While similar to previous editions, this year's evaluation setup introduces the possibility of multiple matching audio candidates for a single query.
To support this, we provide additional correspondence annotations for audio-query pairs in the evaluation sets, enabling a more nuanced assessment of the retrieval systems' performance during development and final ranking.
The additional annotations for the evaluation are now available, and the results are reported in the results table below.
This repository contains the code for the baseline system of the DCASE 2025 Challenge Task 6.
- The training loop is implemented using PyTorch and PyTorch Lightning.
- Logging is implemented using Weights and Biases.
- The architecture of the baseline system is based on the top-ranked system of Task 8 in the DCASE 2024 challenge.
- It uses the Patch out Fast Spectrogram Transformer (PaSST) and RoBERTa-large to encode audio recordings and text-queries.
- Datasets are loaded via aac-datasets.
Prerequisites
- linux (tested on Ubuntu 24.04)
- conda, e.g., Miniconda3-latest-Linux-x86_64.sh
- Clone this repository.
git clone https://github.com/CPJKU/dcase2025_task6_baseline.git
- Create and activate a conda environment with Python 3.11:
conda create -n d25_t6 python=3.11
conda activate d25_t6
- Install 7z
# (on linux)
sudo apt install p7zip-full
# (on linux)
conda install -c conda-forge p7zip
# (on windows)
conda install -c conda-forge 7zip
- Install a PyTorch version that suits your system. For example:
# for cuda >= 12.1 (check with nvidia-smi)

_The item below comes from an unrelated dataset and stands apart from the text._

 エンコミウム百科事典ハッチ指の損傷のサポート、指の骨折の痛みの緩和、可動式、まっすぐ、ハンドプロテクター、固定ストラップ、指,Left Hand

pip3 install torch torchvision torchaudio
# for cuda 11.8
pip3 install torch torchvision torchaudio --index-url https://download.pytorch.org/whl/cu118
# for otther versions see: https://pytorch.org/get-started/locally/
- Install other dependencies:
pip3 install -r requirements.txt
- If you have not used Weights and Biases for logging before, you can create a free account. On your
machine, run
wandb login
and copy your API key from this link to the command line.

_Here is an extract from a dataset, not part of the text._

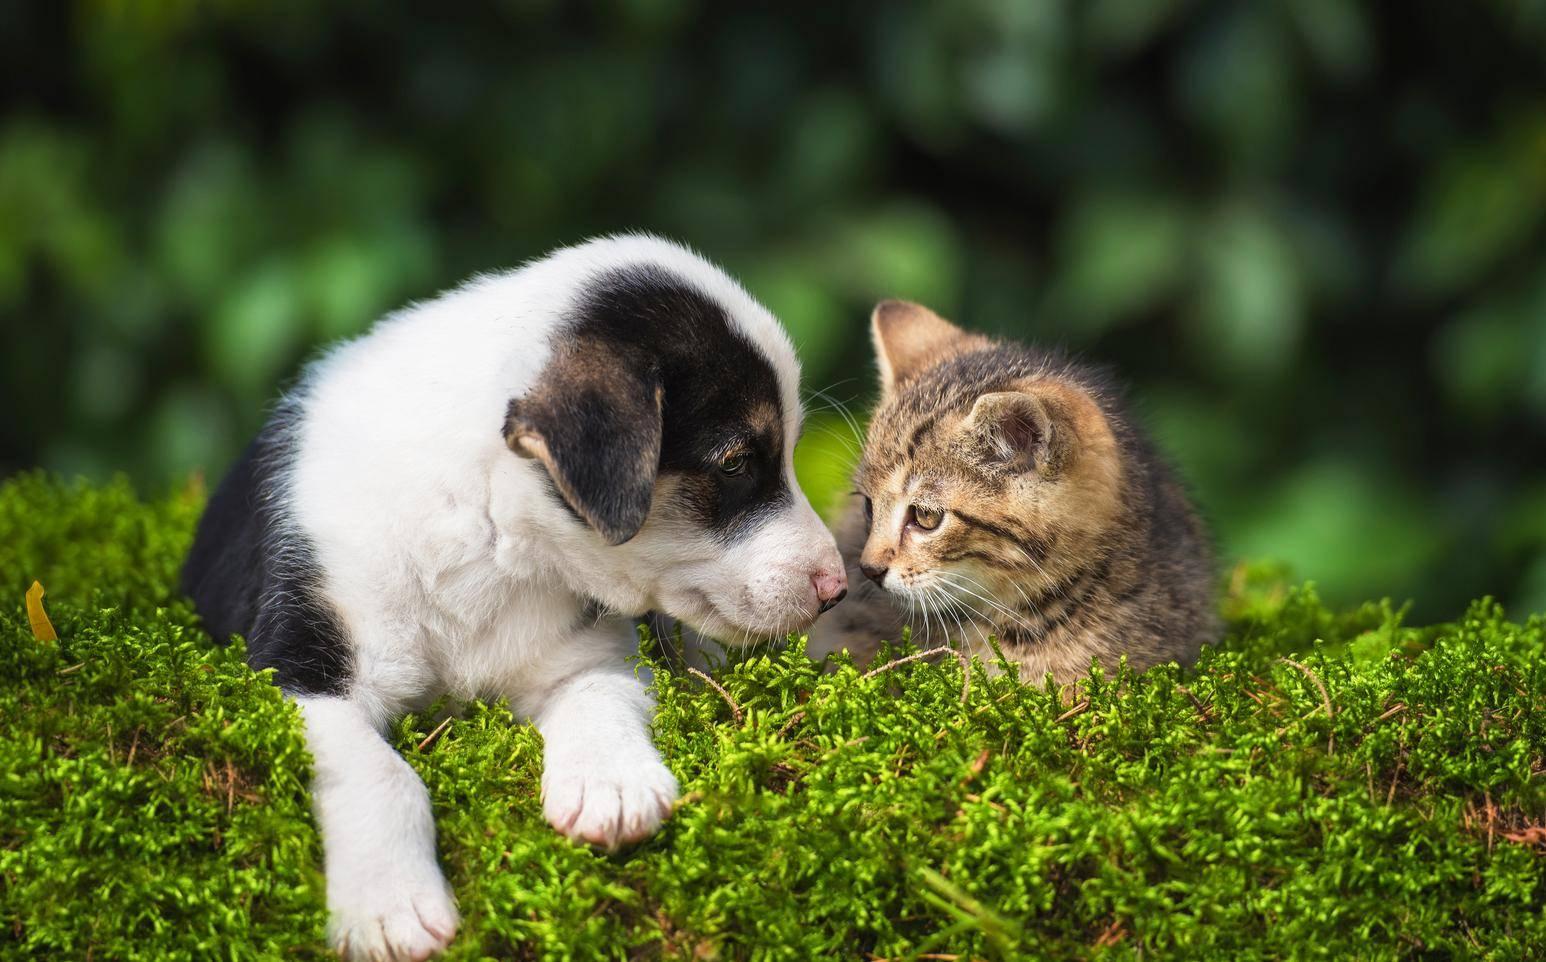 удаление клеща у собаки и кошки

The default project structure is:
d25_t6/ # Baseline implementation
checkpoints/ # Model checkpoints (change with --checkpoints_path)
data/ # Dataset storage (change with --data_path)
│
├── CLOTHO_v2.1/ (20.5 GB)
├── AUDIOCAPS/ (2.8 GB)
└── WavCaps/ (156.9 GB)
resources/ # Miscellaneous reference files
│
└── dcase2025_task6_excl... # List of sounds excluded from training
└── example_predictions.csv # Example predition file (for the submission package)
scripts/ # Utility scripts
│
└── convert_flac_to_mp3.py # Converts WavCaps to mp3 to save memory (only required if you download WavCaps from HuggingFace)
README.md # Project overview and setup instructions
Run python -m d25_t6.train --help
to see all command line options.
The training procedure can be started on a by running the following command:
NVIDA A40
python -m d25_t6.train --compile --data_path=data --seed=13
NVIDIA 2080Ti
python -m d25_t6.train --data_path=data --batch_size=4 --batch_size_eval=4 --no-compile --max_lr=5e-6 --seed=13
Running the training script automatically downloads the ClothoV2.1 dataset into the folder specified in --data_path
To include AudioCaps in the training use (data will be downloaded automatically):
python -m d25_t6.train --audiocaps --data_path=data --seed=492412 --compile --no-tau_trainable
To include AudioCaps and WavCaps in training use (data will be downloaded automatically):
python -m d25_t6.train --audiocaps --wavcaps --data_path=data --seed=967251 --compile --no-tau_trainable
Use options --no-train --no-test
to just download the data sets.
The primary evaluation metric of previous editions of this task was the mean average precision at 10. For exact details on how the submissions will be ranked consult the official task description.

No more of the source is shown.